Oxmiq Raises $35 Million For GPU IP And AI Factory Design
EE Times reported that Oxmiq Labs raised $35 million in Series A funding, taking total funding to $60 million, and is expanding from GPU IP toward data-centre-scale hardware, orchestration software and AI factory design. Raja Koduri described customer-funded custom silicon and a 2-GW AM Intelligence Labs deployment, but Oxmiq did not name the other large customers or production contracts.

Oxmiq Adds $35 Million For GPU And Data Centre Design
EE Times reported that Oxmiq Labs raised $35 million in Series A funding, bringing total funding to $60 million as the startup expands its work from GPU hardware IP toward AI data centre design, orchestration software and custom silicon.
Raja Koduri founded the company and serves as chief executive.
The new board additions are Tenstorrent CEO Jim Keller and Intel veteran Valluri Rao.
The evidence is company-led because the most detailed claims come from Koduri.
The article therefore treats Oxmiq's cost, customer and architecture claims as company claims rather than independently measured market proof.
OxFactory Targets 10,000-GPU Operations
Koduri said Oxmiq wants to build across the stack from energy generation to data centre infrastructure design for AI factories.
The stack includes GPU hardware IP, appliance design and AI data centre pod design.
Oxmiq calls the data centre-scale software layer OxFactory.
Koduri described it as a version of OxCapsule built for software that operates 10,000 GPUs and remains resilient across hardware failures and network failures.
OxCapsule is the company's GPU container software.
Oxmiq says it is partially based on software licensed from Intel and is designed to abstract heterogeneous hardware so workloads can be assigned according to desired speed and cost of execution.

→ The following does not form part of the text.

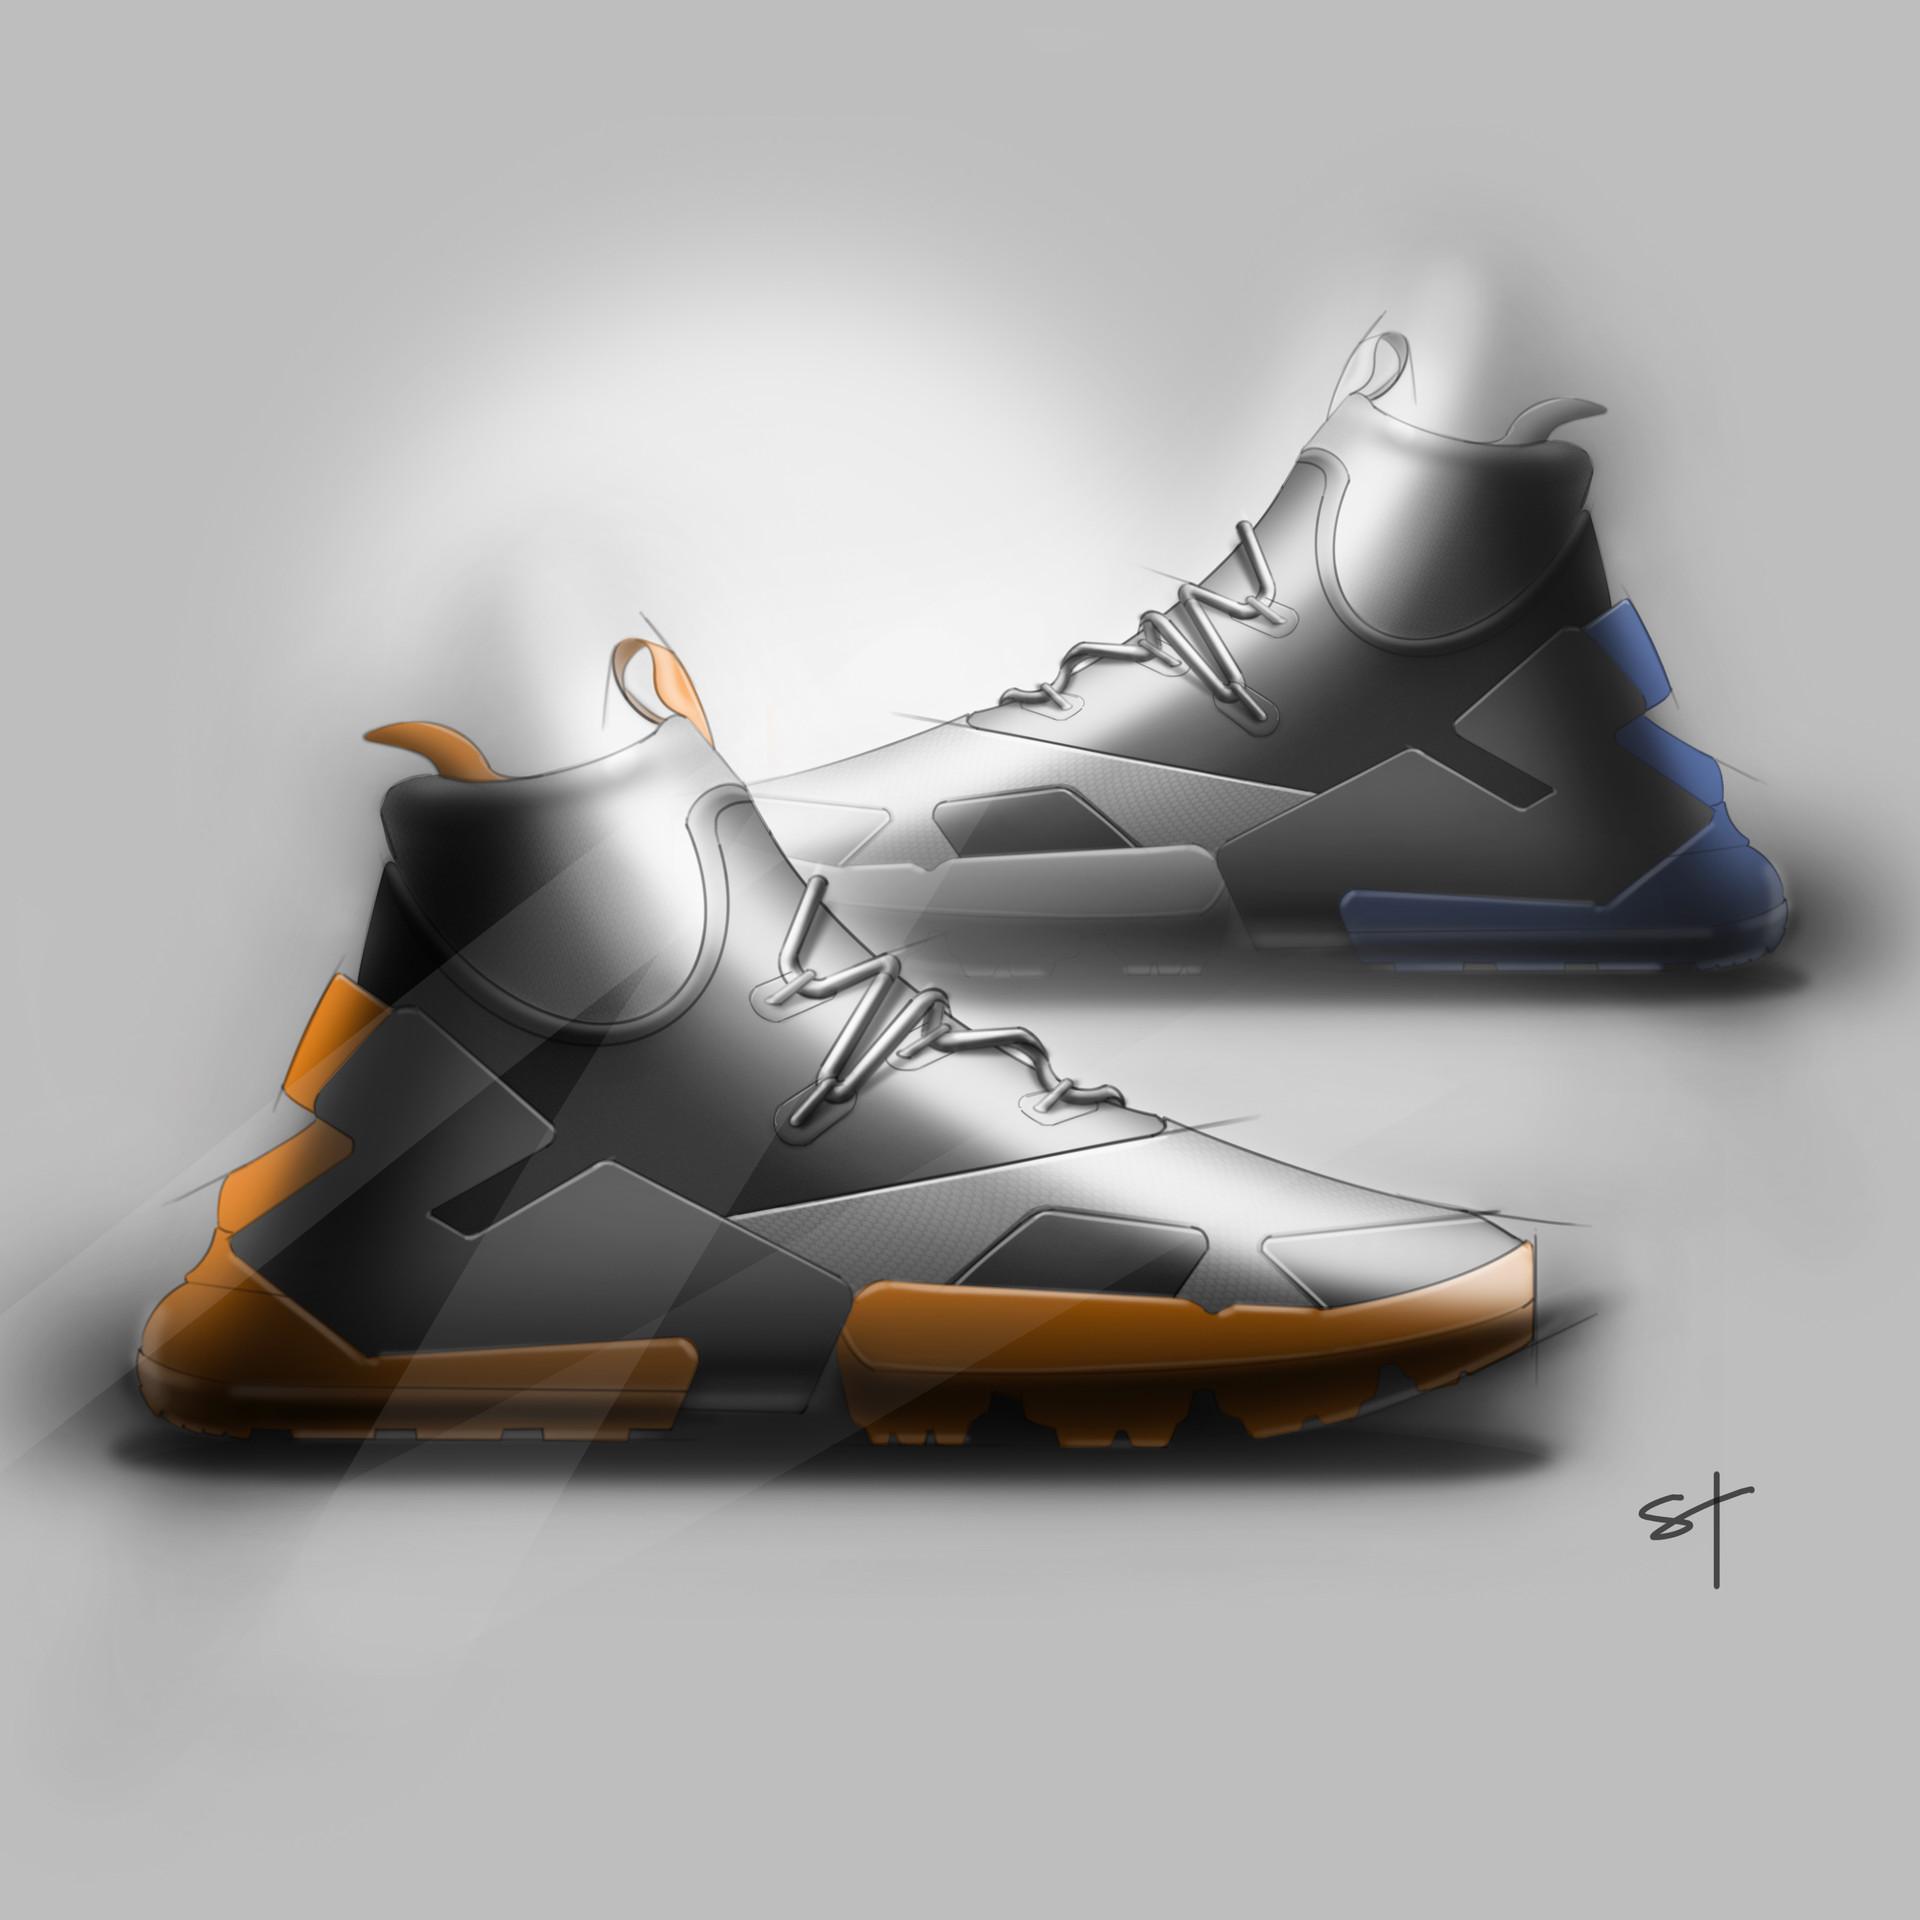 Digital Sketch of a Shoe Design Concept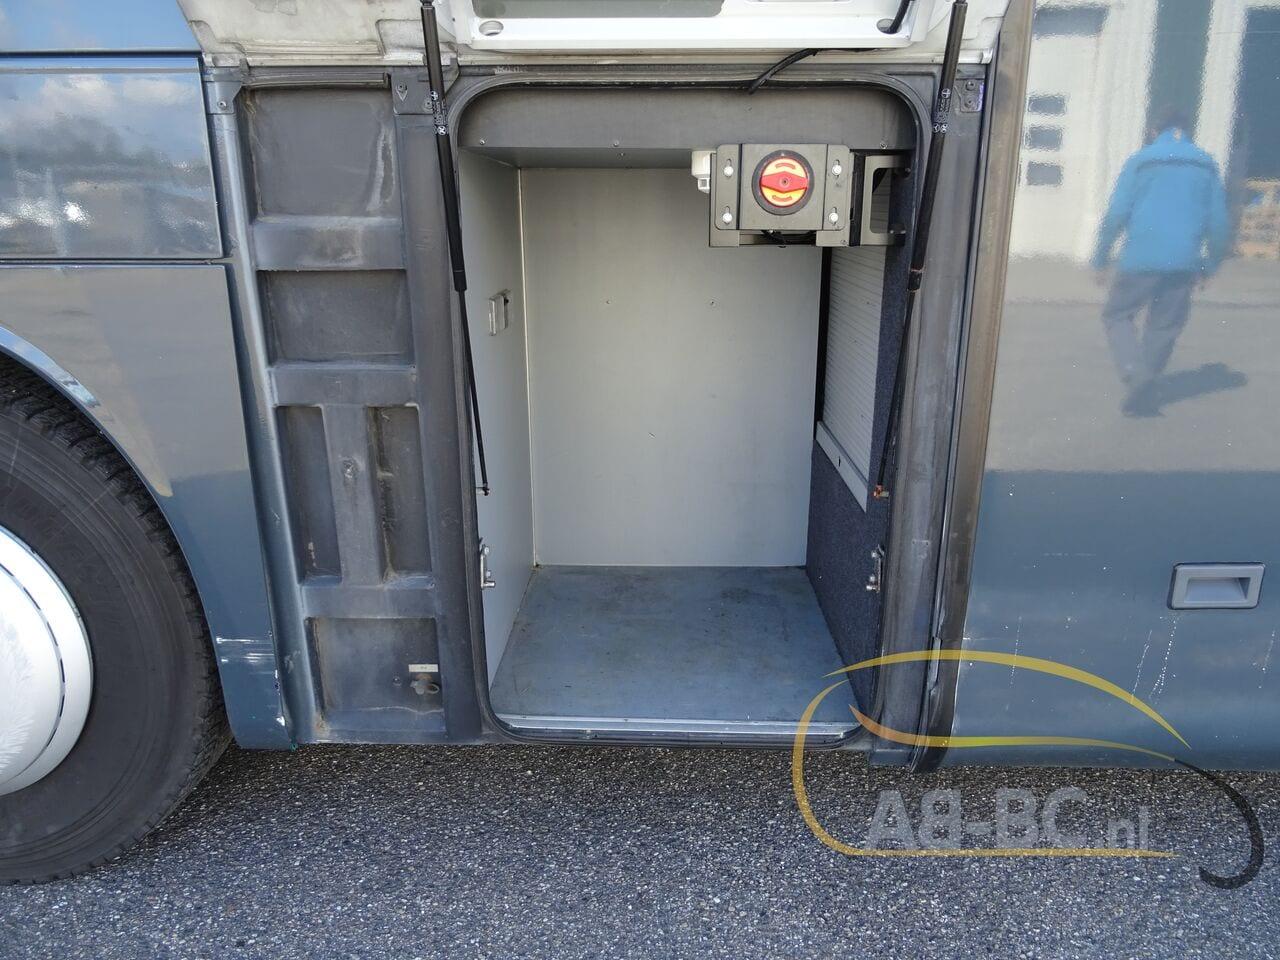 coach-busSETRA-S415-GT-HD-FINAL-EDITION-51-SEATS-LIFTBUS---1620381706909413905_big_fa5804bd7020bf619bd9e9a039633cdf--21050713010665719300

Koduri said the software challenge is larger than CUDA compatibility because many data centre stack layers work only with Nvidia or have only been tested on Nvidia hardware.
He said OxPython is designed to help port workloads from Nvidia GPUs to other hardware.
Custom Silicon Depends On Customer Prepayment
Oxmiq's Electron-to-token machines are planned as bespoke appliances for individual customers.
Koduri said the offering can include custom silicon based on OxCore, the company's GPU IP.
Koduri said the model became possible in the last 12 months because infrastructure companies can pre-pay for tapeouts, masks, wafers and production.
He compared that with a startup spending hundreds of millions of dollars on a chip before finding buyers.
The company claim is tied to AI data centre economics.
Koduri said a 100-MW data centre fitted with state-of-the-art GPUs costs closer to $5 billion, while buying wafers directly from foundries and constructing a product could deliver the same compute and token rate for $1 billion instead of $5 billion.
Oxmiq said OxCore is running on FPGA with the company's software stack.
The IP combines CUDA-compatible GPU cores, tensor cores and orchestration engines, and OxQuilt is meant to combine compute, memory and I/O chiplets in different ratios.
AM Intelligence Labs Names A 2-GW Deployment
Koduri said Oxmiq has a couple of large customers at the table.
The named customer is AM Intelligence Labs, part of India's AM Group.
Oxmiq is the architecture and engineering partner for a 2-GW AM Intelligence Labs AI deployment.
Oxmiq will design the systems architecture, hardware roadmap and supply chain strategy for the facility.
Phase one is a 1-GW cluster in Noida, Uttar Pradesh, India, and is expected to come online in late 2027.
Koduri said Oxmiq will help AM Intelligence Labs architect data centres and procure compute for that cluster.
EE Times reported that Oxmiq currently has 45 employees.
Koduri said he plans to grow the team to 60 or 70 and wants to keep headcount in two digits, even as the company works with partners and licenses elements of the software layer where needed.
Oxmiq did not name the other large customers, disclose production contracts for OxCore-based chips, identify foundry partners, or provide independent benchmarks for the claimed $1 billion versus $5 billion cost comparison.